Published on Dec 06, 2015
Since the early days of the Web, server-side executable content has been an important Ingredient of server technology. It has turned simple hypertext retrieval into real applications. Not surprisingly, the idea of remotely controlling devices through the Web1, 2 has always seemed near at hand. Because hypertext user interfaces can run on any Web browser, UI development boils down to Web content creation.
Furthermore, thanks to the HTTP standard's smart and scalable nature, we can fit embedded servers into simple 8-bit microcontrollers with only a few Kbytes of RAM and ROM
Ever since we started integrating hypertext browsers into mobile phones, people have proposed using mobile phones as remote controls. Now, with the provision of short-range wireless connectivity- for example, through Bluetooth mobile phones and other handhelds might substantially change the way people interact with electronic devices. Here, we report on our effort to create a low-power wireless microserver with a very small form factor and connect it to mobile devices using standard consumer technology.

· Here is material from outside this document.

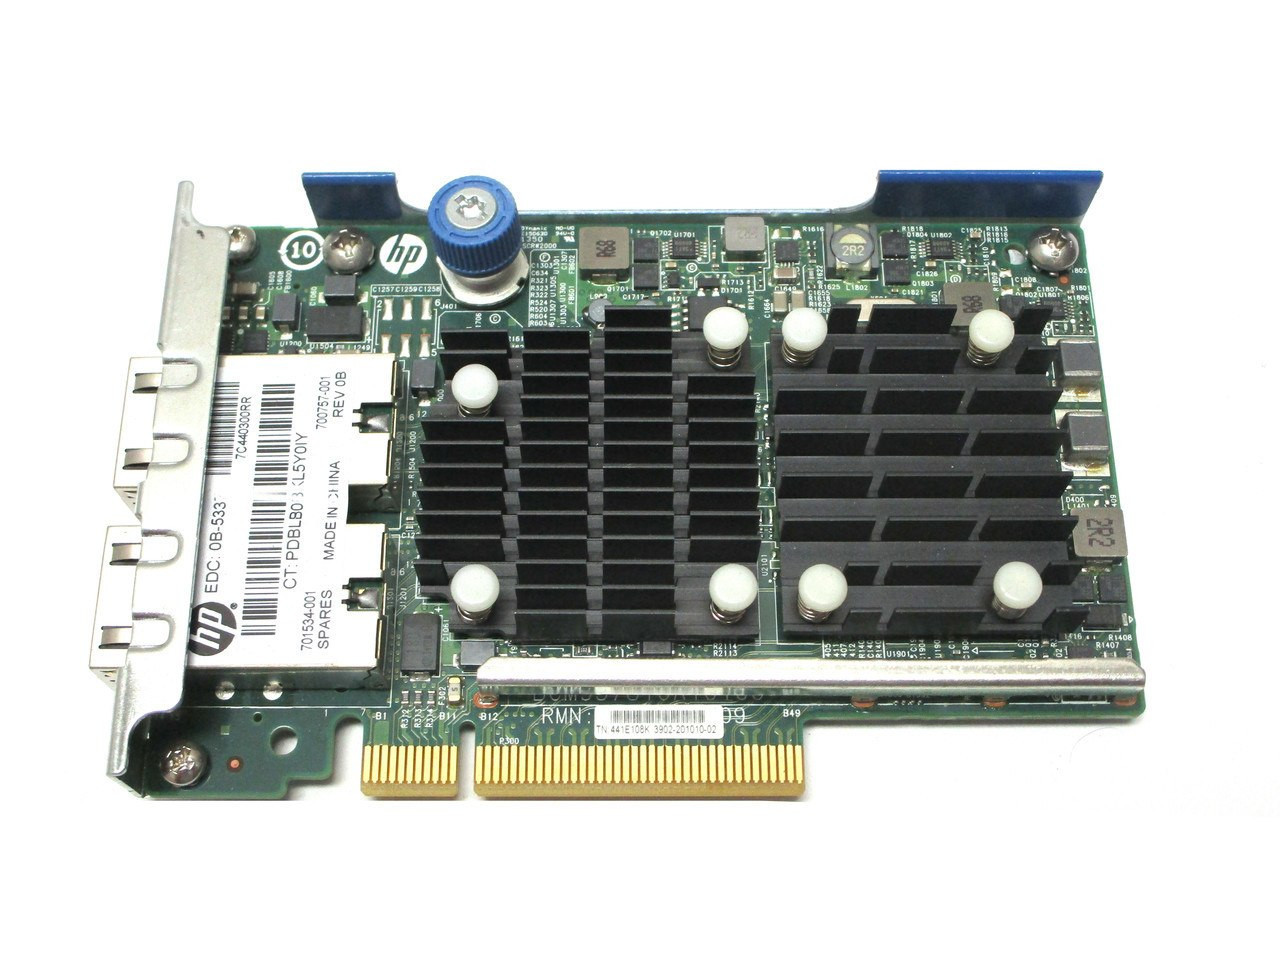 701534-001 HPE FlexFabric 2-port 10 Gbps 533FLR-T adapter700759-B21

There are several ways to make things visible on the Web. In the simplest case, a server hosts an item's Web presence without a physical connection to the item. A handheld device reads links between the item and its Web presence, connects to the respective URL, and retrieves information about the item. A well-known example for this approach is the Cooltown Museum, 1 where small infrared transceivers are located close to the pictures.
When coming close, the visitor's PDAs receive Web links that point to the information pages for the particular picture. Unfortunately, interacting with the item itself is impossible. Interaction with a device would be possible if the device had a wireless control interface to its internal logic. For example, the mobile terminal could download a device-specific user interface application from the Web and use it to control the device through a device-dependent protocol (see Figure A1). This approach might become feasible when we can download Java applications into mobile terminals with access to Bluetooth APIs.

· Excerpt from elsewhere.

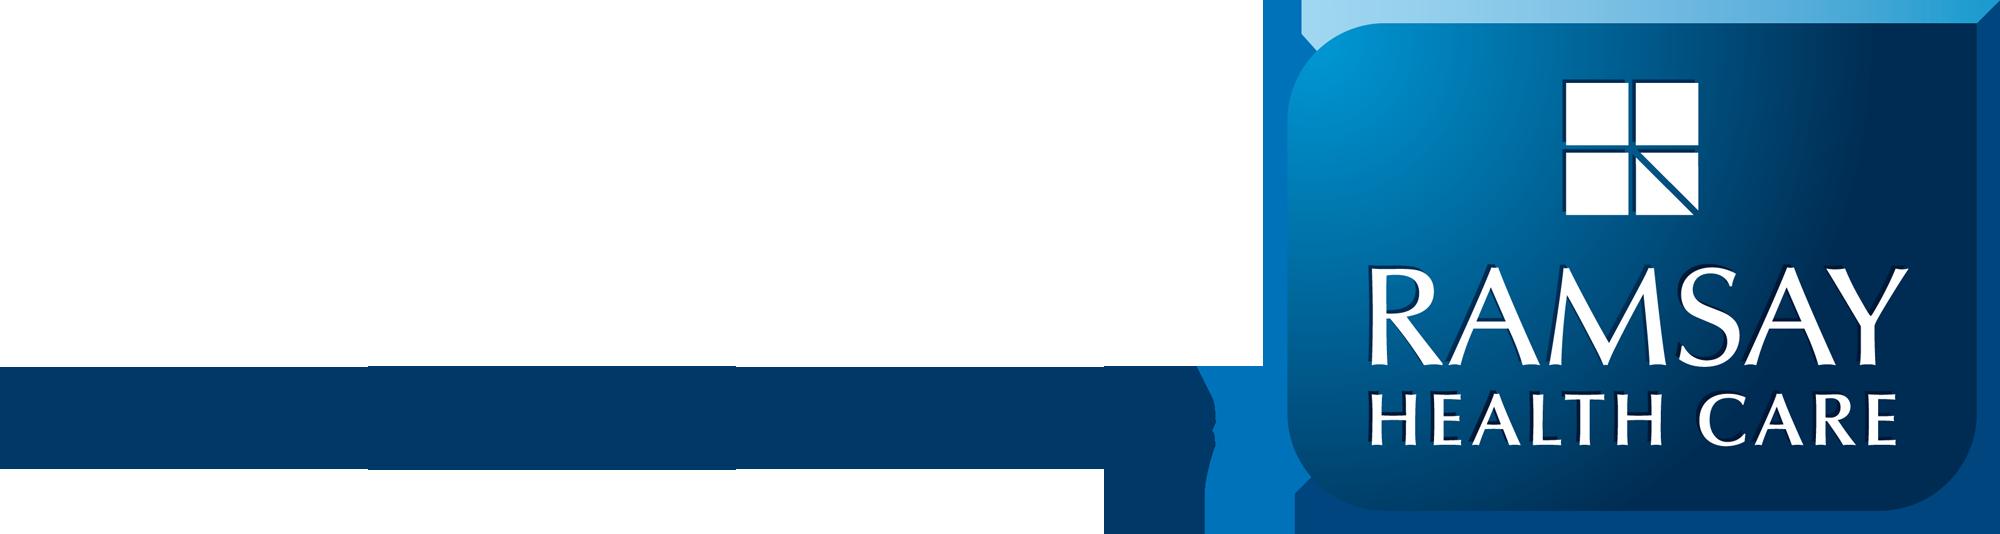 Ramsay-Logo-Strapline-Left.png

Accessing the device immediately and locally without an Internet connection would be possible only if the device contained an embedded Web server (see Figure A2). An execution environment, such as serverside scripting, would be required to interact with the device's logic.
Short-range connectivity seems to be an obstacle, but it empowers location-aware applications through the wireless link's limited reach. If a user wants to adjust a microserver-equipped TV's volume, he or she does not want to accidentally interact with somebody else's TV. Therefore, short-range wireless radio links, preferably using unlicensed bands, are well suited for networking things and people.

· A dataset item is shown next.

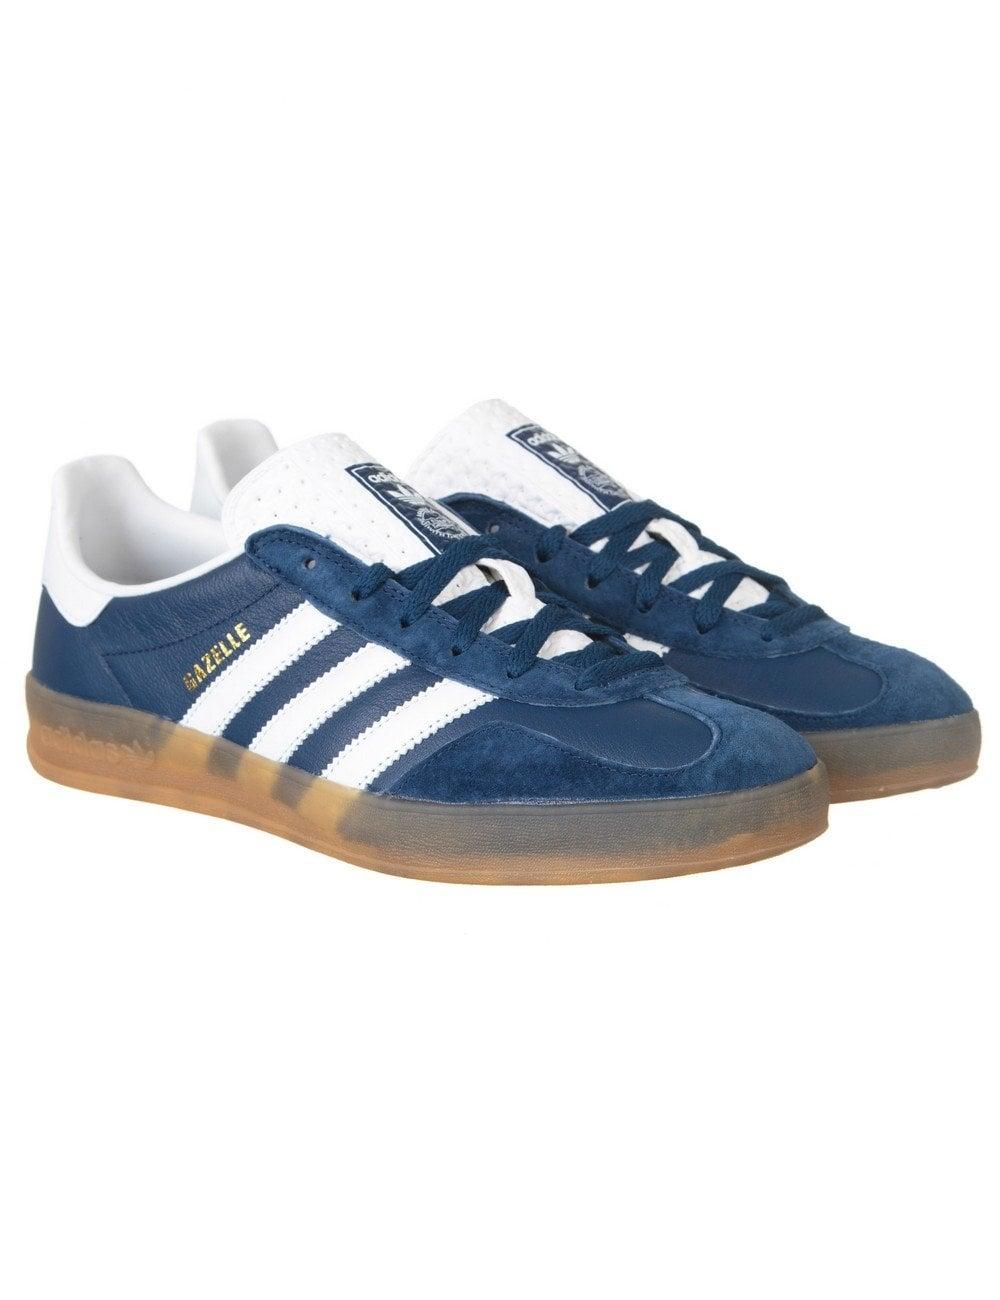 reputable site 5dde2 fcb44 Adidas Originals Gazelle Indoor Shoes - Oxford Blue

The wireless application protocol is an industry-wide standard to connect mobile phones to the Web. It is designed especially for the mobile phone environment and its limited battery power and memory, small display, and low transmission rates.
Similar to the Japanese I-mode, WAP provides Web access for mobile devices. Usually, browsers directly request HTML content from a Web server using HTTP. A typical WAP infrastructure also needs HTTP (see Figure 1), but the WAP protocol stack (see Figure 2) and the WML (Wireless Markup Language) are tailored for the limited transmission capacity and resources of mobile devices. In addition, unlike HTTP, WAP allows server push operation, so the server can send a WML page to a browser without a request.
The WAP standard also specifies different levels of security that enable data encryption and trusted communication—for example, for electronic payments or banking applications. Because future mobile phones will have larger screens and more processing power, the next-generation WAP standard (WAP 2.0) will support the HTTP protocol and XHTML as a markup language. Another reason for this support is the general trend toward all-Internet protocol (IP) infrastructures. Currently, most Web browsers available in Europe are based on WAP 1.1, which we selected for our implementation. However, you could apply our concept to other mobile Web technologies, such as I-mode and WAP 2.0 without a substantial change in complexity.